- Date: 13 August 1967
- Location: Sittwe, Rakhine State, Myanmar
- Caused by: Due to food shortages in Rakhine state
- Result: Army crackdown and shooting at protestors

Parties
| Rakhine protesters | Government of Burma Burma Socialist Programme Party; Myanmar Armed Forces; |

Lead figures
- No centralized figure Ne Win

Casualties
- Deaths: 24 (government claim) 200-300 (claimed by eyewitnesses)
- Injuries: 100+

= Rice Killing Day =

1967 Killing of protestors in Rakhine State

On 13 August 1967, an incident occurred in Sittwe, Rakhine State, where Ne Win's military regime fired on Arakanese protestors, killing over 300 Arakanese people. The protest erupted due to severe food shortages caused by government hoarding and forced rice exports, despite local starvation.

The day is annually commemorated by the Rakhine community on August 13 to remember the brutality of the military dictatorship.

== Names ==

The event is referred to as multiple names including "Rice Killing Day", "Rice Crisis Day" and "Rice Massacre".

== Event ==
The event occurred during the rule of General Ne Win and the Burma Socialist Programme Party (BSPP). Earlier that year, a cyclone in May significantly reduced rice production which lead to widespread food shortages. At the same time, government policies prioritized rice exports to other parts of the country and domestic supply was limited. As a result, many people in Arakan faced serious difficulties obtaining food, regardless of their ability to pay. Some turned to alternative foods such as taro root and roselle, while others experienced severe hunger.

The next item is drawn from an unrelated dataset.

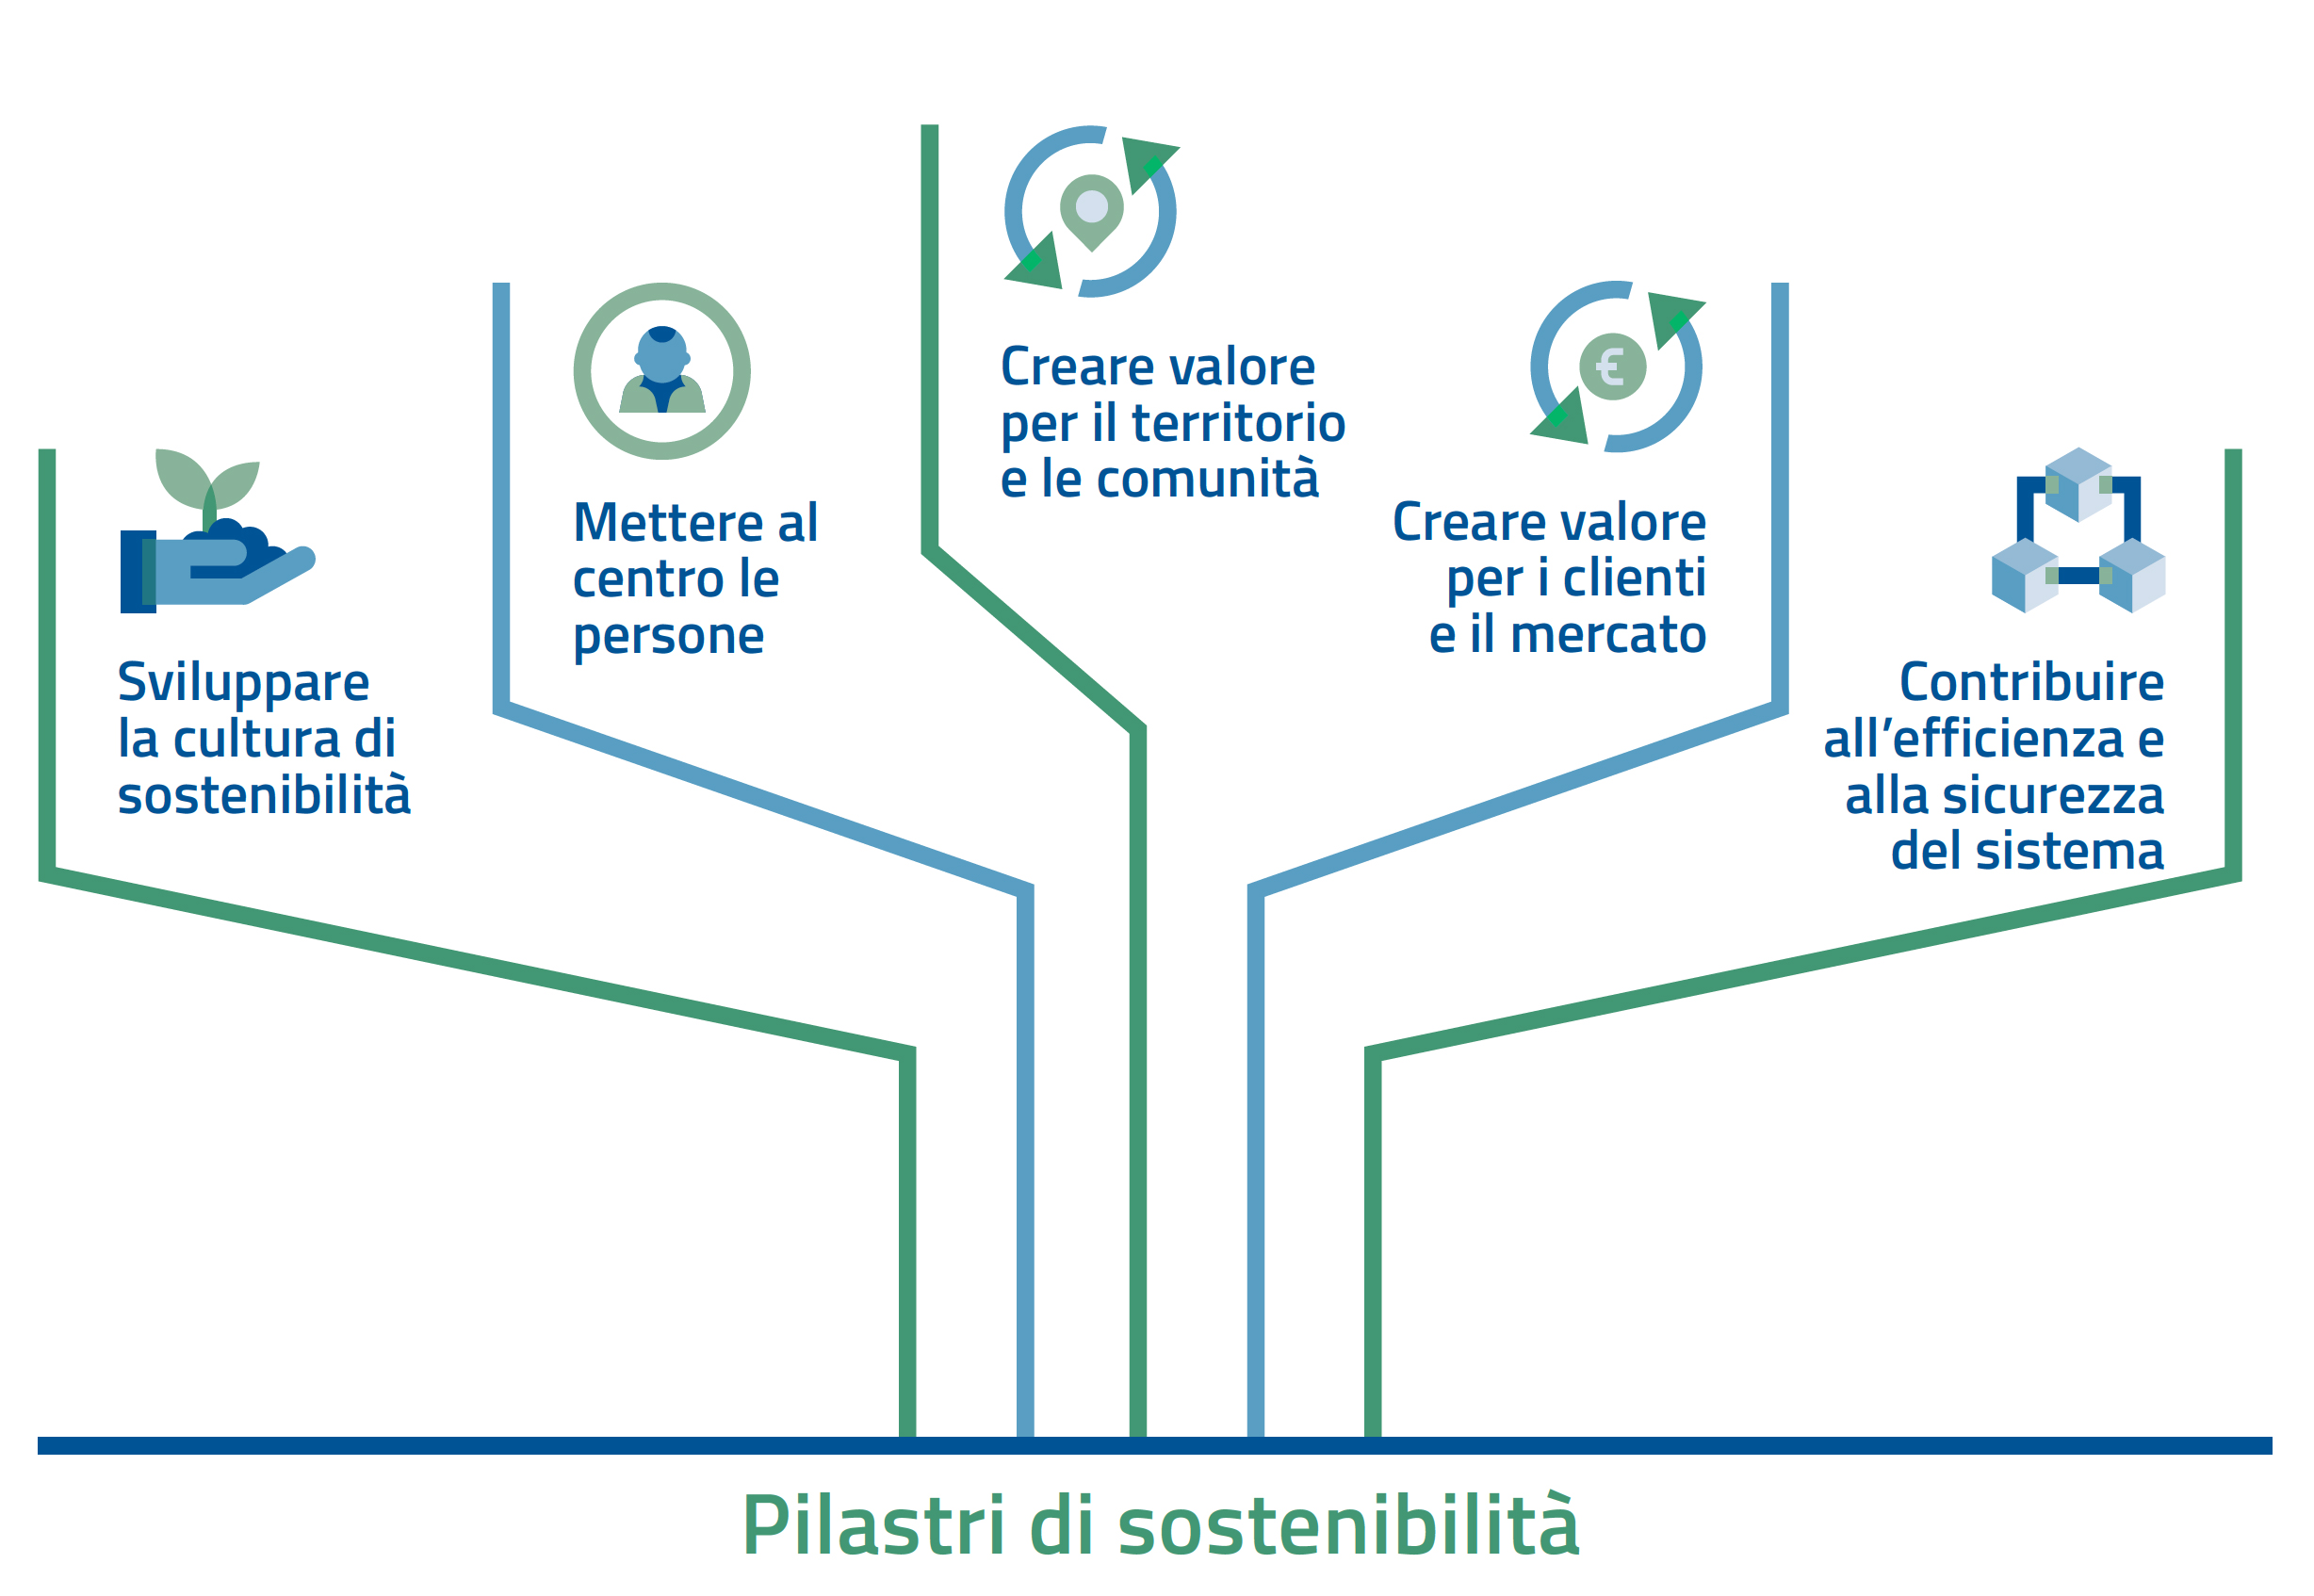 Pilastri di sostenibilità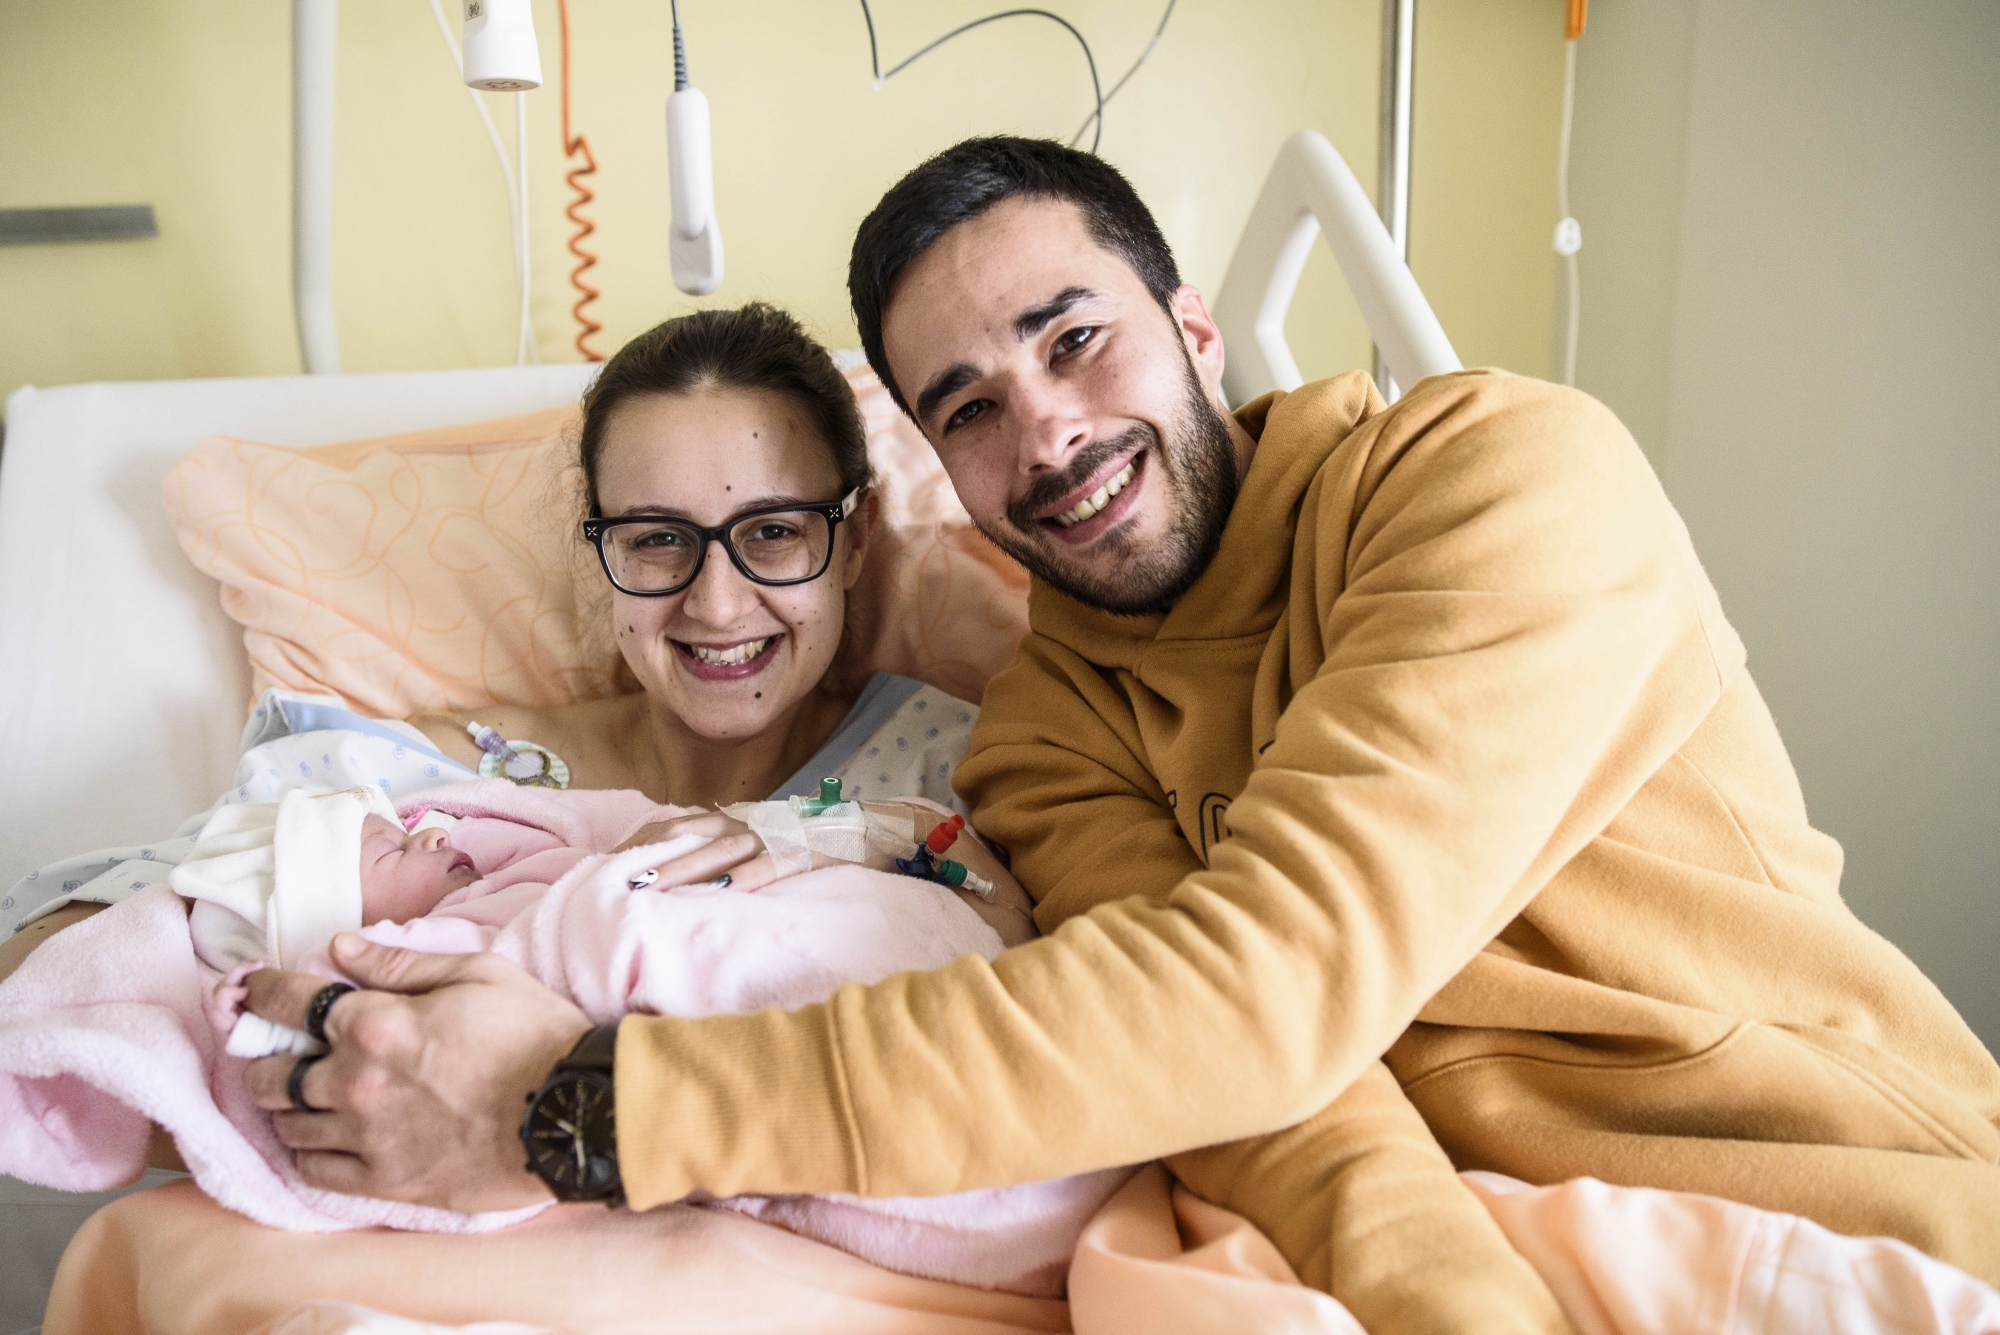 Eva, née le 2 janvier 2019 à 7h17 à l'Hôpital de Nyon, ici avec sa maman et son papa : Marisa Mendes et Michael Serrano.

In Sittwe, these conditions led to public unrest. On August 13, residents organized a protest, which was met with a military response. The military regime's security forces opened fire on the crowd, causing multiple casualties.

== Casualties ==
The government's statement said the death toll to be at 24, but eyewitness claimed that more than 300 people died. Around 100 people were also injured.

== Legacy ==
The anniversary is held by Rakhine diaspora in several places including in Bangladesh, India, Thailand, Malaysia, Japan and USA.